EL&F magazine article

Equipment Acceptance Is Important

THE LESSEE’S ACCEPTANCE OF EQUIPMENT is not merely a documentation formality from your Legal Department. It is a critical step to achieving “hell or high water” treatment (i.e., when the lessee’s obligations under a lease become absolute and unconditional irrespective of any equipment or service issues). This article will explore the key aspects of equipment acceptance and several options available to lessors.

Under the Uniform Commercial Code (“UCC”) (UCC Section 2A-407), “hell or high water” treatment for UCC 2A commercial leases is triggered by the lessee’s acceptance of the equipment following delivery and a reasonable opportunity to inspect the equipment. Knowing when the applicable equipment has been accepted and the ability to demonstrate this for a court is important. Acceptance is also important because it confirms that the equipment, which represents collateral and potentially residual value for the lessor, has been delivered in good condition.

Template lease forms typically require that the lessee agree to sign and return to the lessor a delivery and acceptance certificate (“D&A”) following delivery. Lessors generally will not provide funding until the signed D&A is received by the lessor.

This seems straightforward. However, a number of issues are becoming more common in the industry. One issue is that lessees are not always quick to sign and return D&A’s. Some (possibly many) small ticket lessors seek to avoid the delay by including a D&A on the face of the lease.
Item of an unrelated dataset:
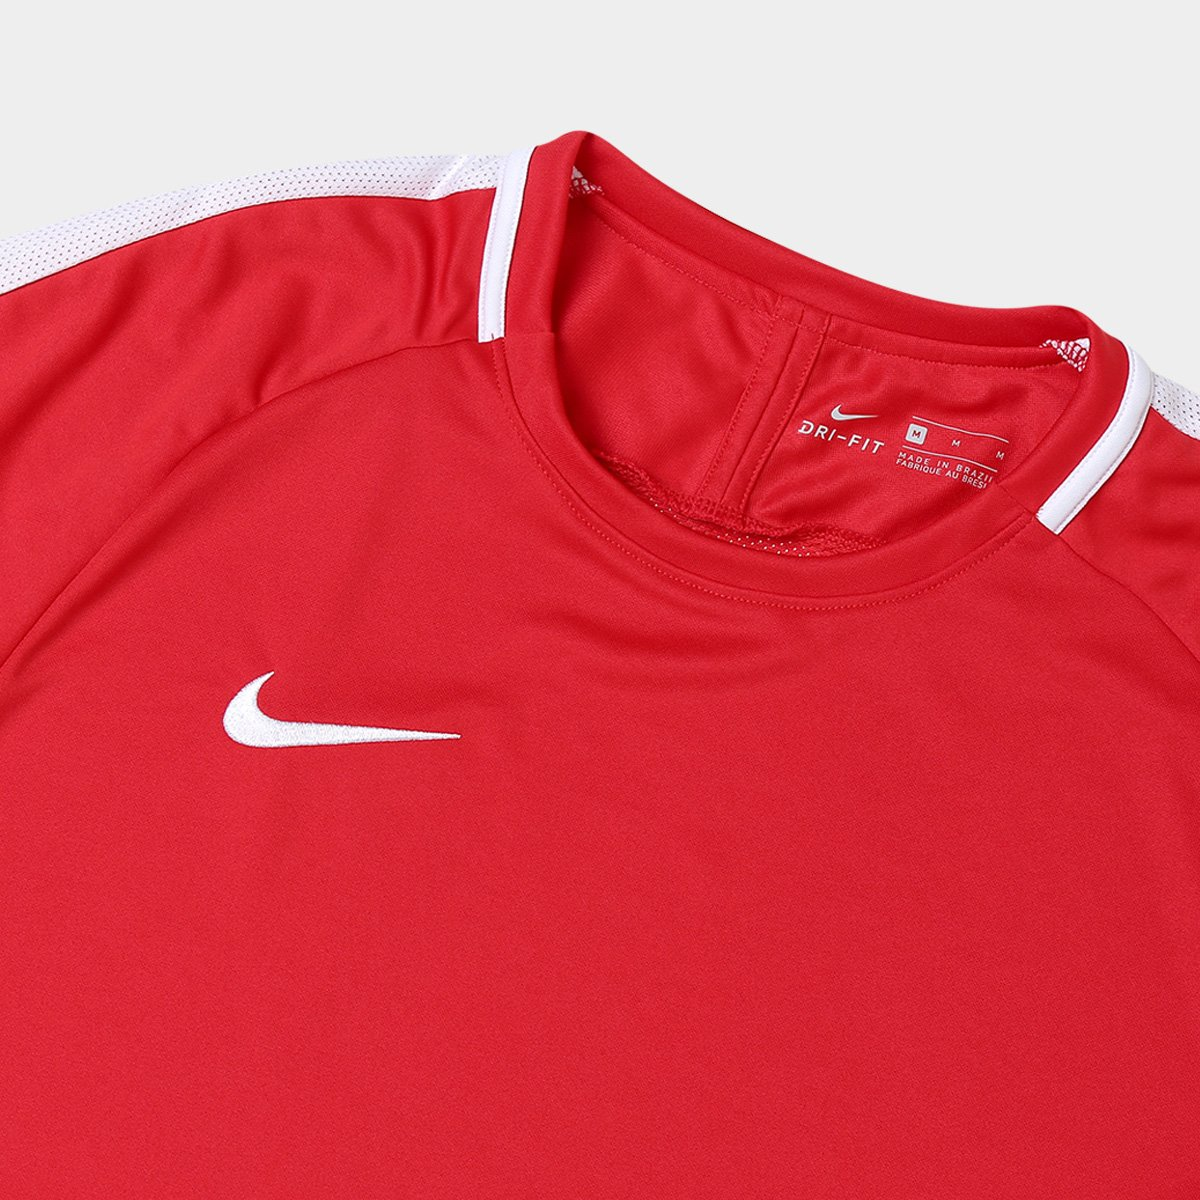 Camisa Nike Academy Masculina - Vermelho e Branco - Compre Agora ... f28785a11a54c

When the lessee signs the lease, it may also be asked to sign the D&A at the same time. If the equipment has been delivered and is “plug and play,” this may well be an acceptable time period in which to inspect and accept the equipment. In many cases, however, the equipment will not have been delivered at lease signing and therefore the lessee will not have had a reasonable (or possibly any) opportunity to inspect the equipment. A lessor then runs the risk that a court will view the acceptance as not meaningful and not effective under the circumstances. To address this, once the equipment has been delivered and a reasonable inspection period has elapsed, a prudent lessor will either request a follow-up signed D&A or conduct a telephone verification call confirming lessee acceptance.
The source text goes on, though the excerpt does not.